The Times of Bill Cunningham
Director: Mark Bozek
Rated: NR
Release Date: February 14, 2020
Director Mark Bozek accomplished much of his legwork over two decades ago. While the film is technically narrated by Sarah Jessica Parker, the backbone of the narration is Cunningham from an interview that Bozek filmed in 1994. Apparently, Cunningham, having agreed to a ten-minute interview, got chatty, and result is that the interview continued until they rant out of tape and the topics covered spanned the gamut of much of Cunningham’s life.
If only all of life’s influential figures were to conduct expansive, on camera interviews to leave as the narrative framework for films to document their lives after their passing (or before even). Cunningham, already 65 at the time of the recording, is as vibrant a person as you can imagine. His zeal not only for his work, for which he was known, but for life, is self-evident and ensnares the viewer from the first frames. Nothing’s held back, nothing is duplicitous or filtered through a PR mouthpiece, you get real, honest responses from a genuine human being. It just so happens that this human being carved out a simple, yet engaging world for himself, one which intertwined with the worlds of the rich and the famous, but never felt the corrosive kiss that world delivers to so many.

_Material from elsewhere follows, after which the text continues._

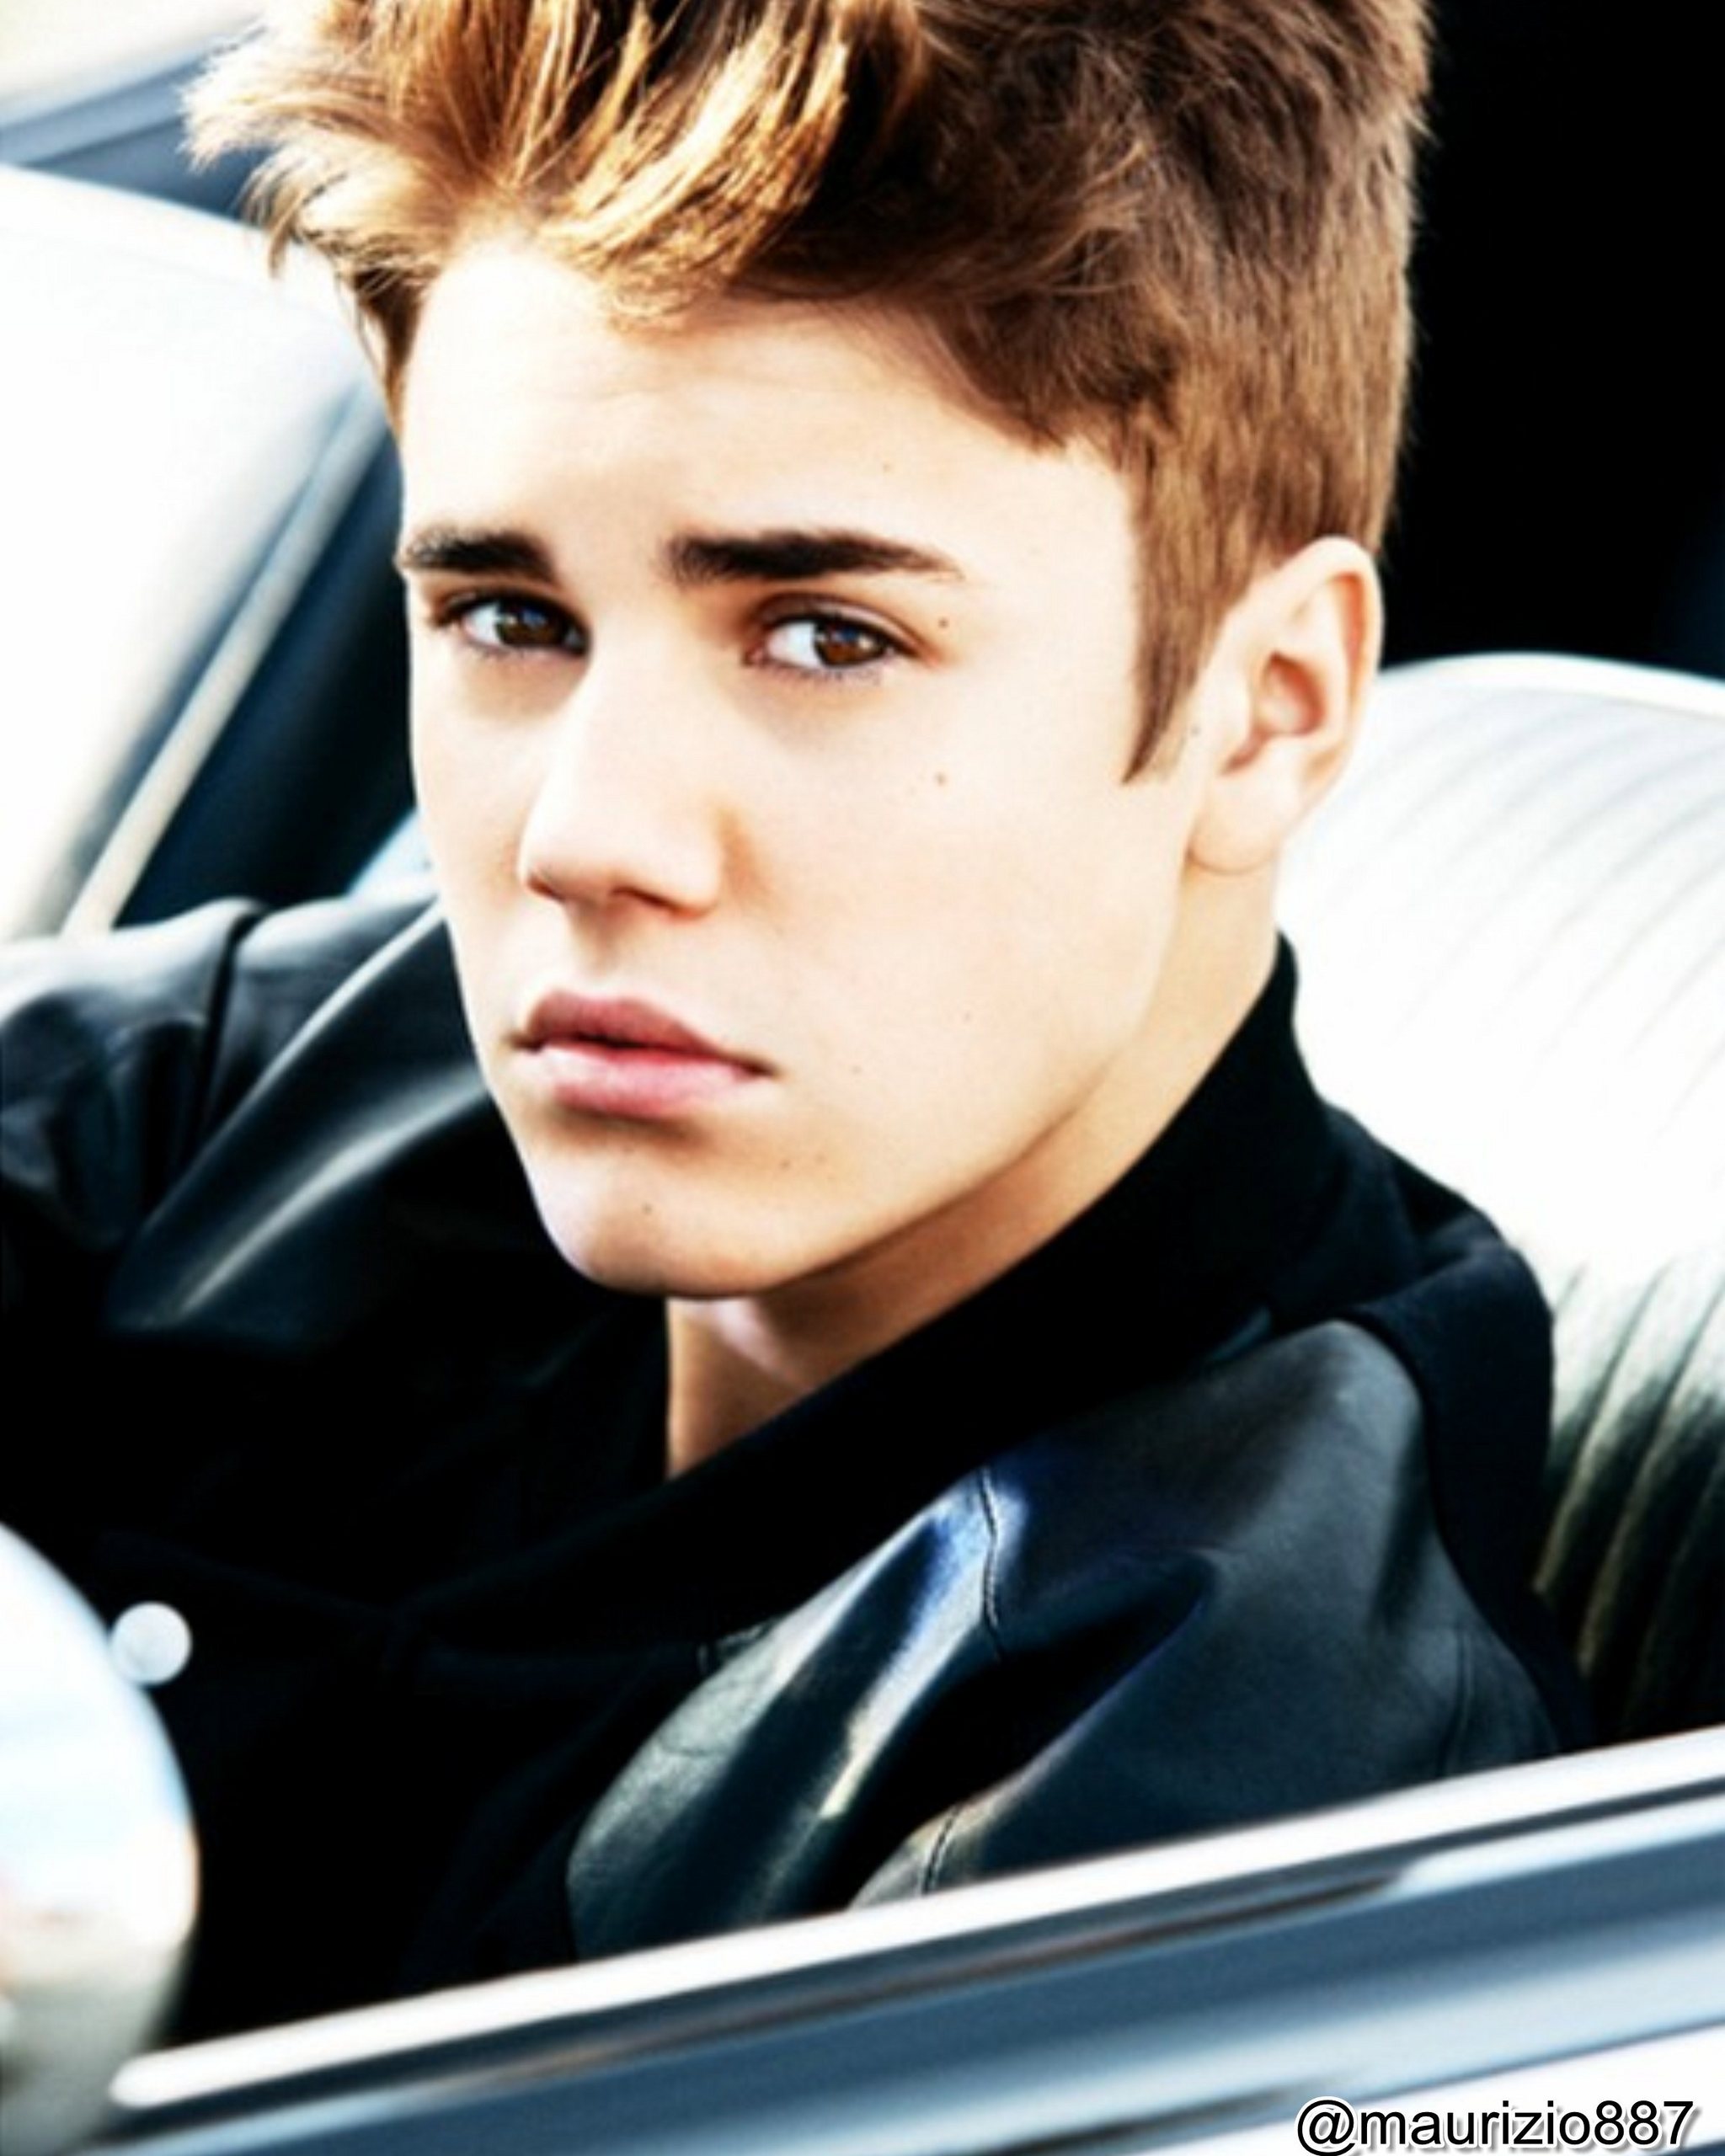 Justin Bieber Wallpapers Believe 2012

While the heart of the film is Cunningham on camera, just talking, just being himself, responding to the occasional voice prompt from 1994 Bozek, a heart needs a body and a brain to function, and 2016 Bozek plays brain to Bill’s heart with masterful skill, sculpting a stirring photographic body. The film’s construction is simple, elegant. It taps unrivaled source material, over three million previously unpublished photographs from Cunningham’s archives, and yields the perfect accompaniment to the man himself. It’s a story straight from hardworking horse’s mouth, with the fields the horse has plowed, and the crops they’ve yielded backing it his words. When Edison’s story is told, it’s told through the collective experience of all the things we use in our daily lives to make our lives better. We know Edison’s works. Much of what Cunningham made was never seen by the public and much of what made up his experience was equally unknown beyond his constant bicycle-accompanied appearances on the street, or his spreads in the New York Times
Simple, powerful storytelling. Or is it? Let’s not be shy, nor pretend that sifting through three million photographs to visually display the emotional meaning behind Cunningham’s words was anything like simple at all. Sifting through three million anything is a daunting, momentous, herculean task that likely deserves more credit than it will ever get. It also belies the thought that Bozek has put into this project ever since he completed the original interview over two decades before the film was first released. This was a massive undertaking that yielded modest, powerful results. An iceberg of an effort in filmmaking: 90% below the surface, behind the scenes, 10% to wonder at.
The film’s only mystery? Its penchant for Moby tracks which seeming to comprise the entire score. Being a product of the times that I am, I can’t say it didn’t work, but as each progressive dip into Moby’s late-nineties, early 2000s catalog accumulated, I did have to stop and wonder why. Why Mr. Bozek?